Pre-Summer Special Limited Time 70% Discount Offer - Ends in 0d 00h 00m 00s - Coupon code = getmirror

Home
GIAC
Security Administration
GCIH
GIAC Certified Incident Handler Questions and Answers

Pass the GIAC Security Administration GCIH Questions and answers with ExamsMirror

Practice at least 50% of the questions to maximize your chances of passing.

Exam GCIH Premium Access

View all detail and faqs for the GCIH exam

Go to Exam

817 Students Passed

93% Average Score

92% Same Questions

Viewing page 2 out of 10 pages

Viewing questions 11-20 out of questions

Questions # 11:

Which of the following is spy software that records activity on Macintosh systems via snapshots, keystrokes, and Web site logging?

Options:

Spector

Magic Lantern

eblaster

NetBus

Answer

Questions # 12:

Network mapping provides a security testing team with a blueprint of the organization. Which of the following steps is NOT a part of manual network mapping?

Options:

Gathering private and public IP addresses

Collecting employees information

Banner grabbing

Performing Neotracerouting

Answer

Questions # 13:

Which of the following statements about buffer overflow is true?

Options:

It manages security credentials and public keys for message encryption.

It is a collection of files used by Microsoft for software updates released between major service pack releases.

It is a condition in which an application receives more data than it is configured to accept.

It is a false warning about a virus.

Answer

Questions # 14:

Your network is being flooded by ICMP packets. When you trace them down they come from multiple different IP addresses. What kind of attack is this?

Options:

Syn flood

Ping storm

Smurf attack

DDOS

Answer

Questions # 15:

Which of the following statements are true about session hijacking?

Each correct answer represents a complete solution.

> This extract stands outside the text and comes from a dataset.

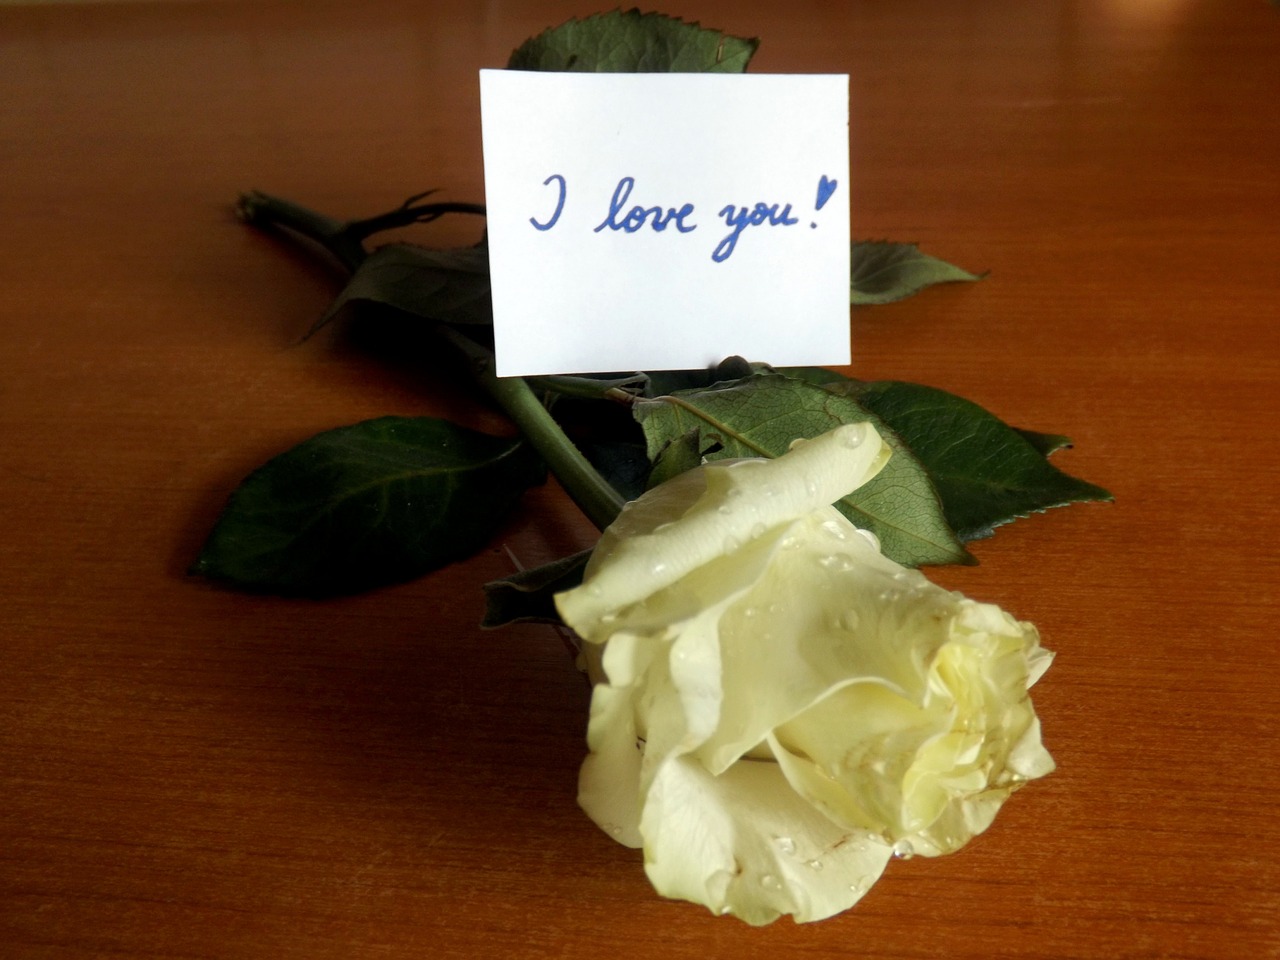 i love you rose message free photo
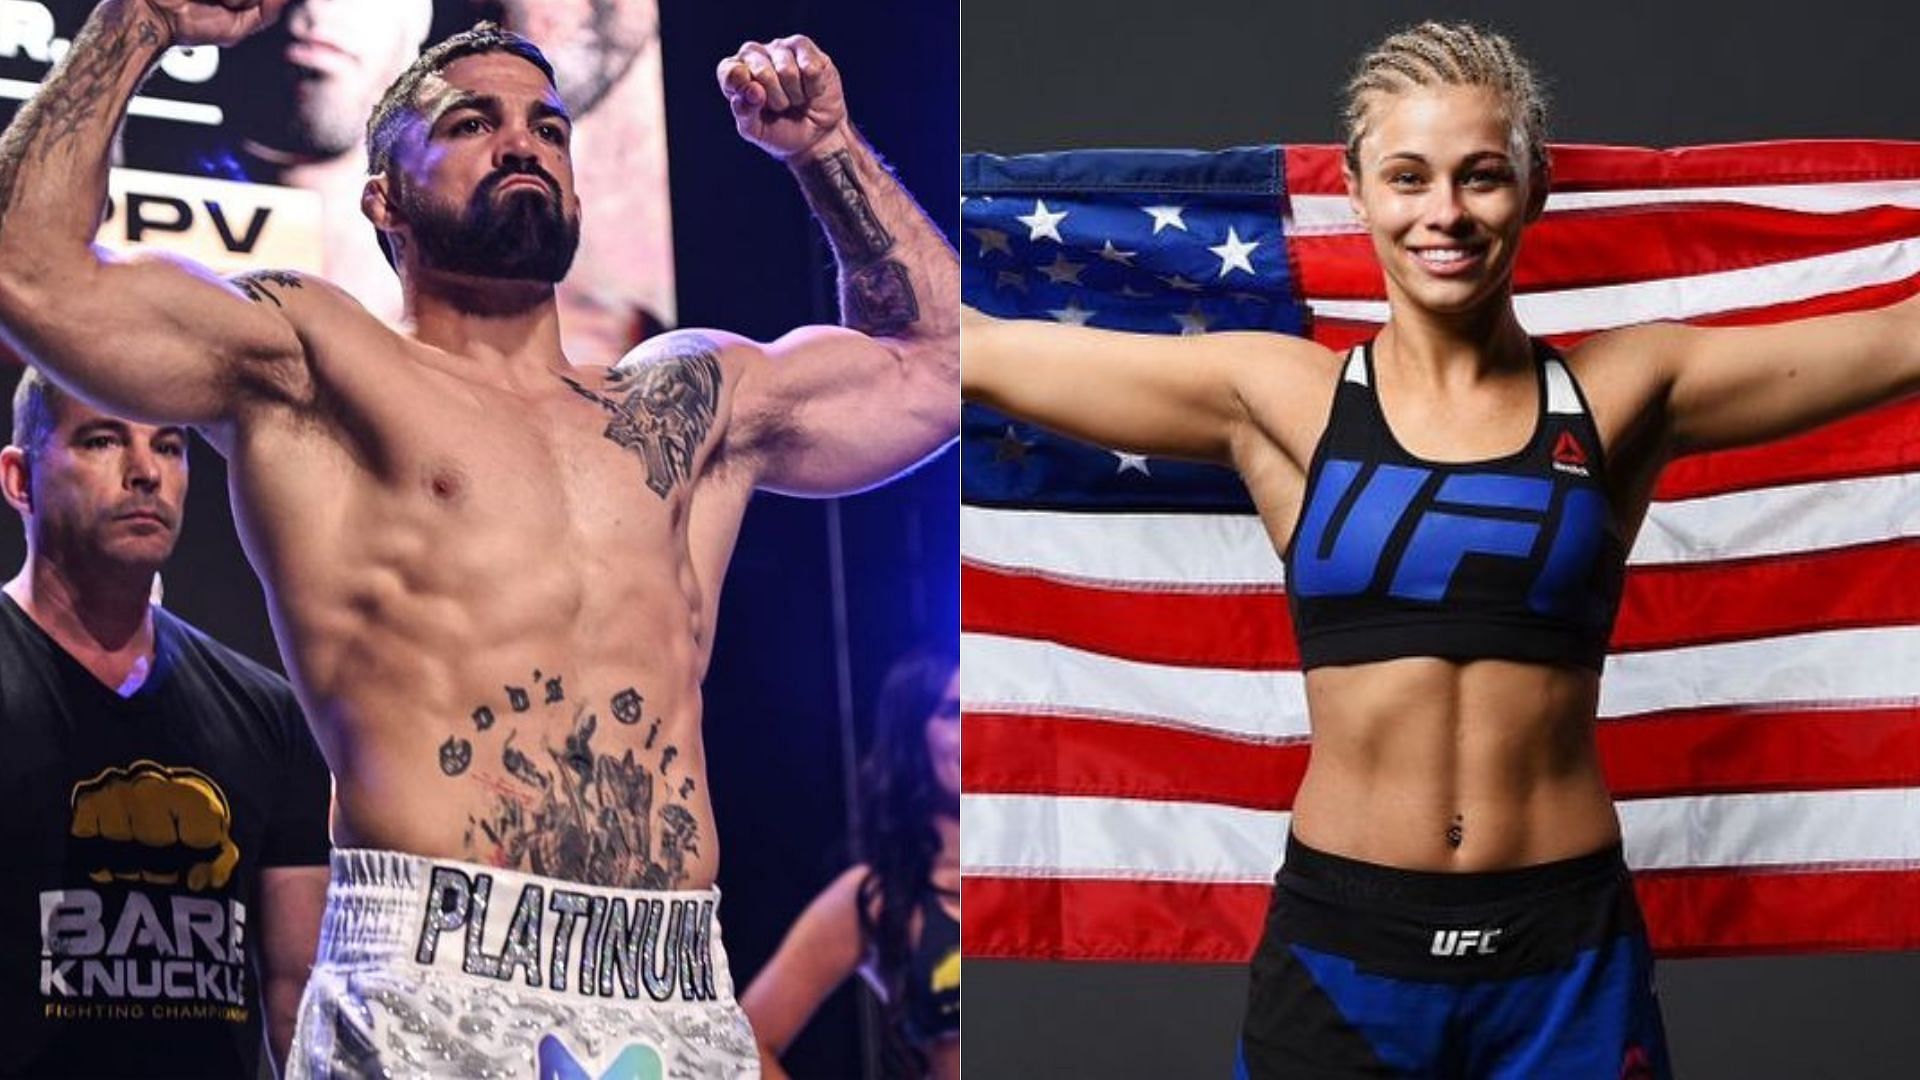 Mike Perry (left) Paige VanZant (right) [Image courtesy @platinummikeperry @paigevanzant on Instagram]

Choose all that apply.

Options:

Use of a long random number or string as the session key reduces session hijacking.

It is used to slow the working of victim's network resources.

TCP session hijacking is when a hacker takes over a TCP session between two machines.

It is the exploitation of a valid computer session to gain unauthorized access to information or services in a computer system.

Answer

A, C, D

Questions # 16:

Fill in the blank with the appropriate word.

StackGuard (as used by Immunix), ssp/ProPolice (as used by OpenBSD), and Microsoft's /GS option use ______ defense against buffer overflow attacks.

Options:

Answer

Answer:

canary

Questions # 17:

You run the following bash script in Linux:

for i in 'cat hostlist.txt' ;do

nc -q 2 -v $i 80 < request.txt done

Where, hostlist.txt file contains the list of IP addresses and request.txt is the output file. Which of the following tasks do you want to perform by running this script?

Options:

You want to put nmap in the listen mode to the hosts given in the IP address list.

You want to perform banner grabbing to the hosts given in the IP address list.

You want to perform port scanning to the hosts given in the IP address list.

You want to transfer file hostlist.txt to the hosts given in the IP address list.

Answer

Questions # 18:

John works as a Professional Penetration Tester. He has been assigned a project to test the Website security of www.we-are-secure Inc. On the We-are-secure Website login page, he enters ='or''=' as a username and successfully logs on to the user page of the Web site. Now, John asks the we-aresecure Inc. to improve the login page PHP script. Which of the following suggestions can John give to improve the security of the we-are-secure Website login page from the SQL injection attack?